● **What to do**
Go through the listing and set it down exactly, leaving out its pictures.
[[ Data excerpt, beginning ]]
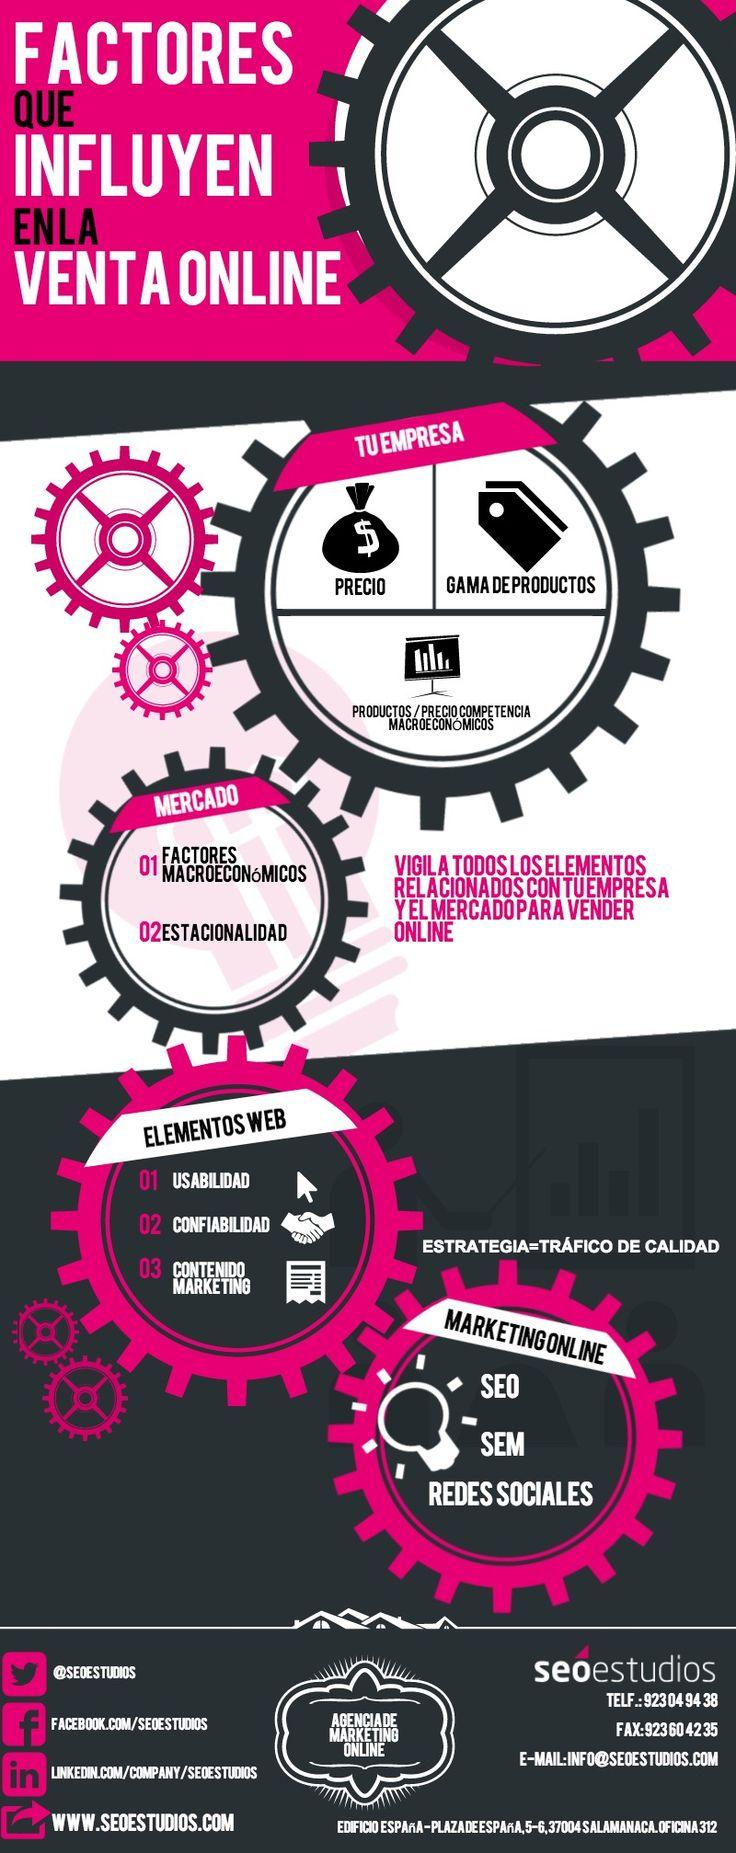 Cómo aumentar las ventas online.  Factores que influyen #marketing
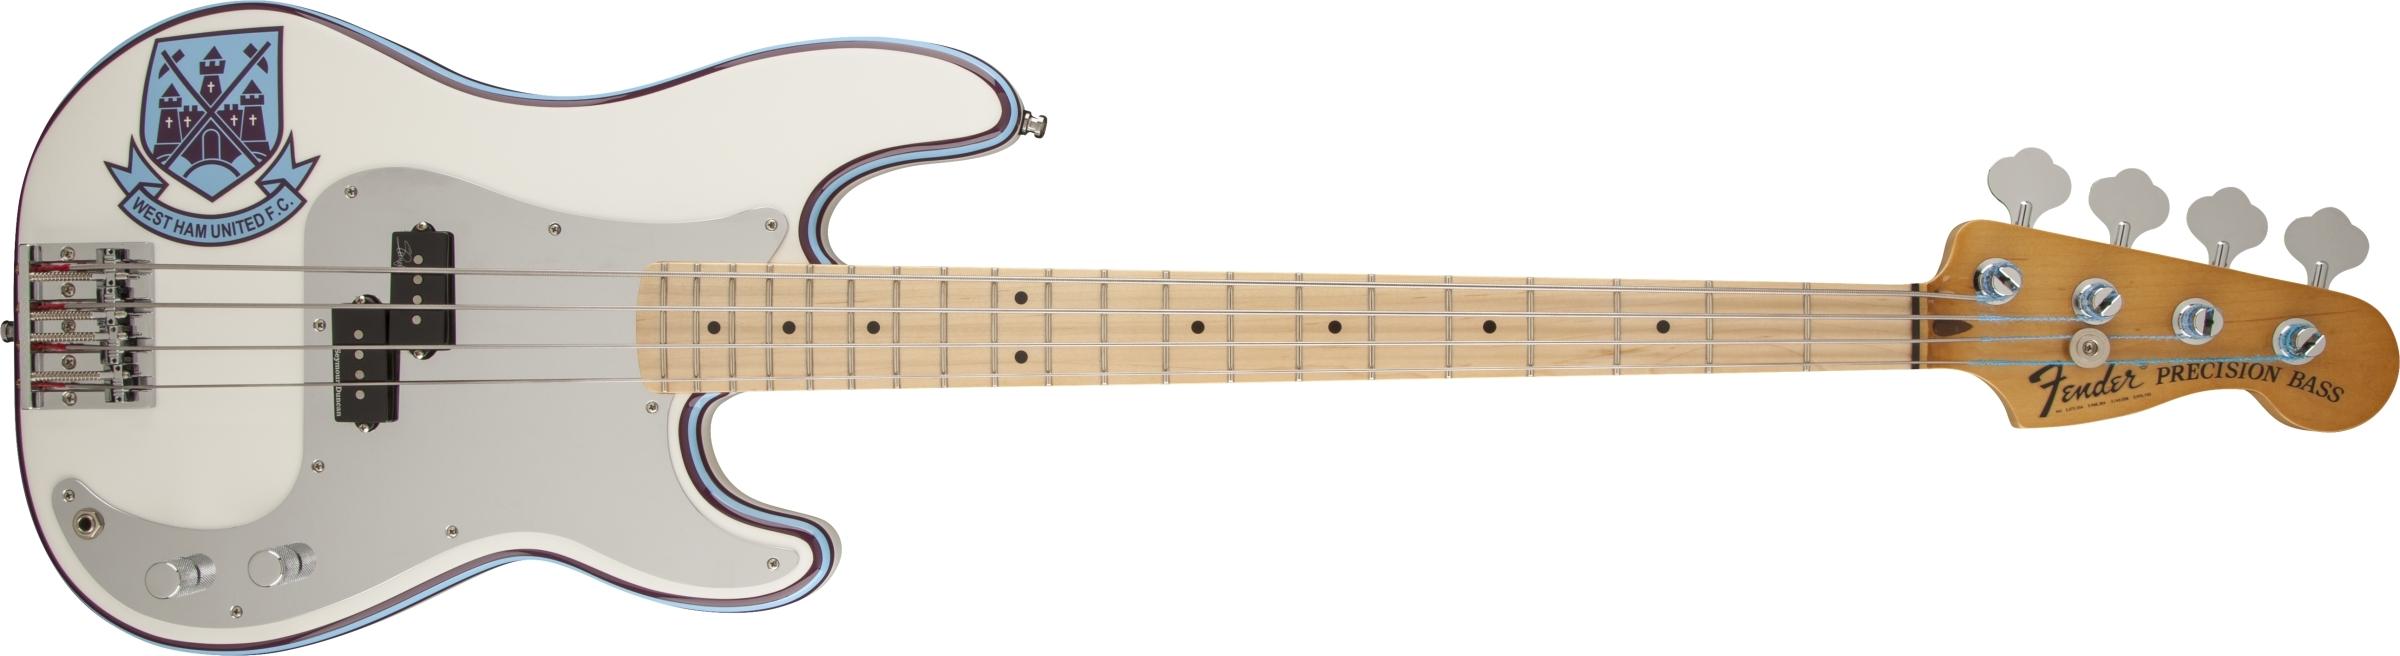 Steve Harris P Bass : steve harris precision bass fender bass guitars ~ Vivirlamusica.com Haus und Dekorationen
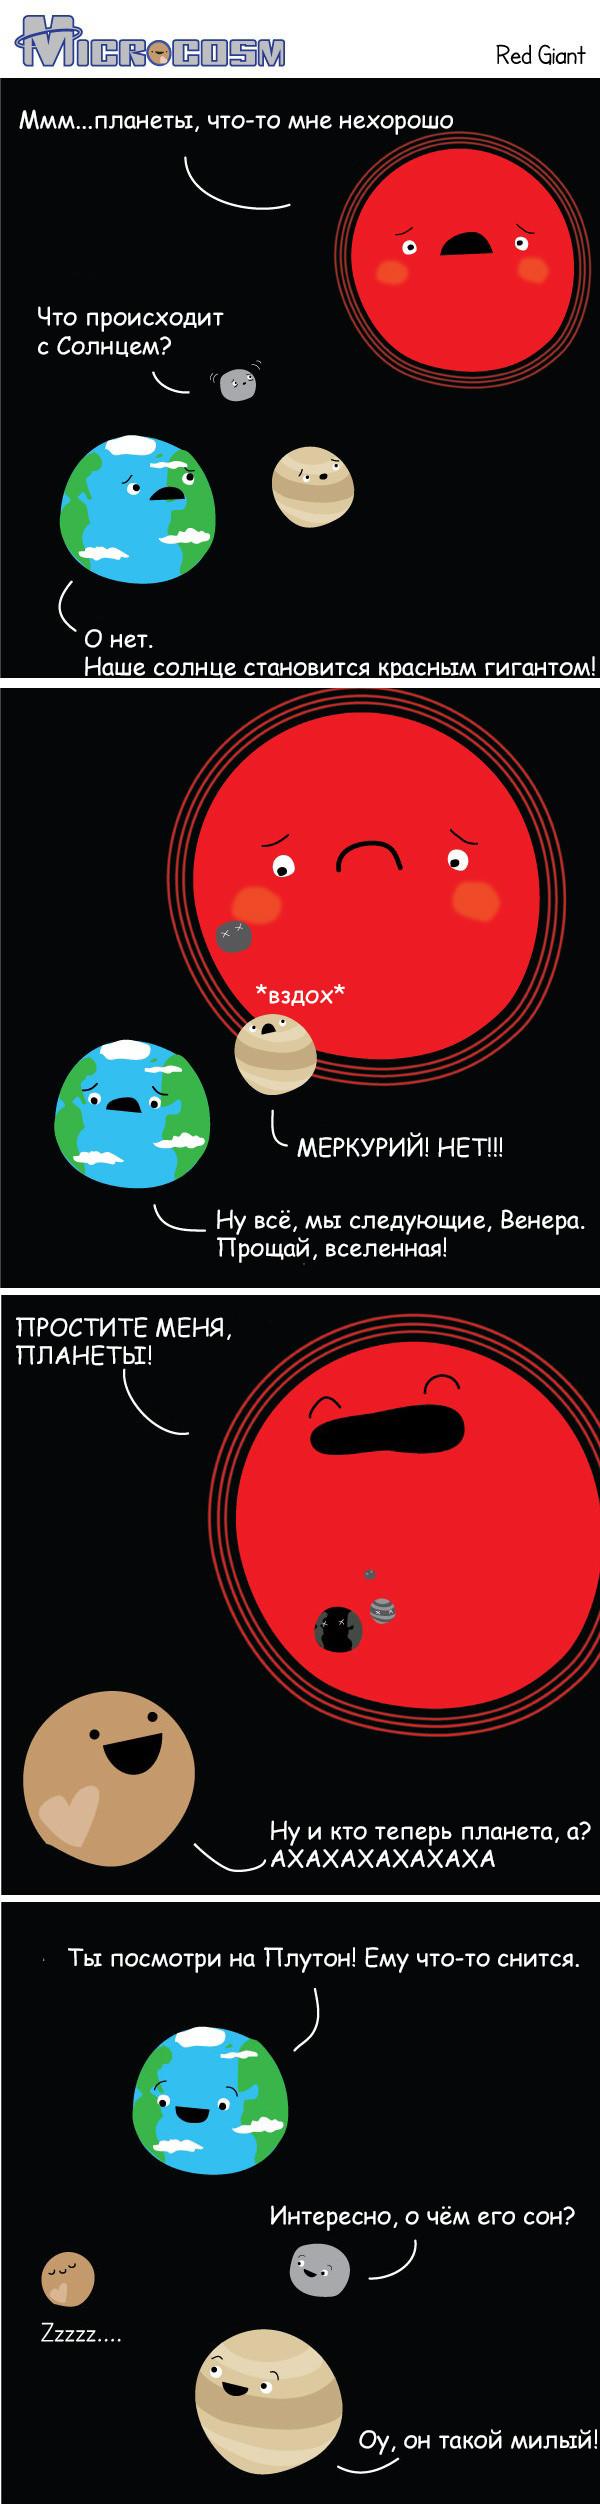 Становление Плутона Комиксы, Планета, Длиннопост, Юмор, Космос, Плутон
[[ Data excerpt, end ]]
● **Expected answer**
 Cómo aumentar las ventas online.  Factores que influyen #marketing
 Steve Harris P Bass : steve harris precision bass fender bass guitars ~ Vivirlamusica.com Haus und Dekorationen
 Становление Плутона Комиксы, Планета, Длиннопост, Юмор, Космос, Плутон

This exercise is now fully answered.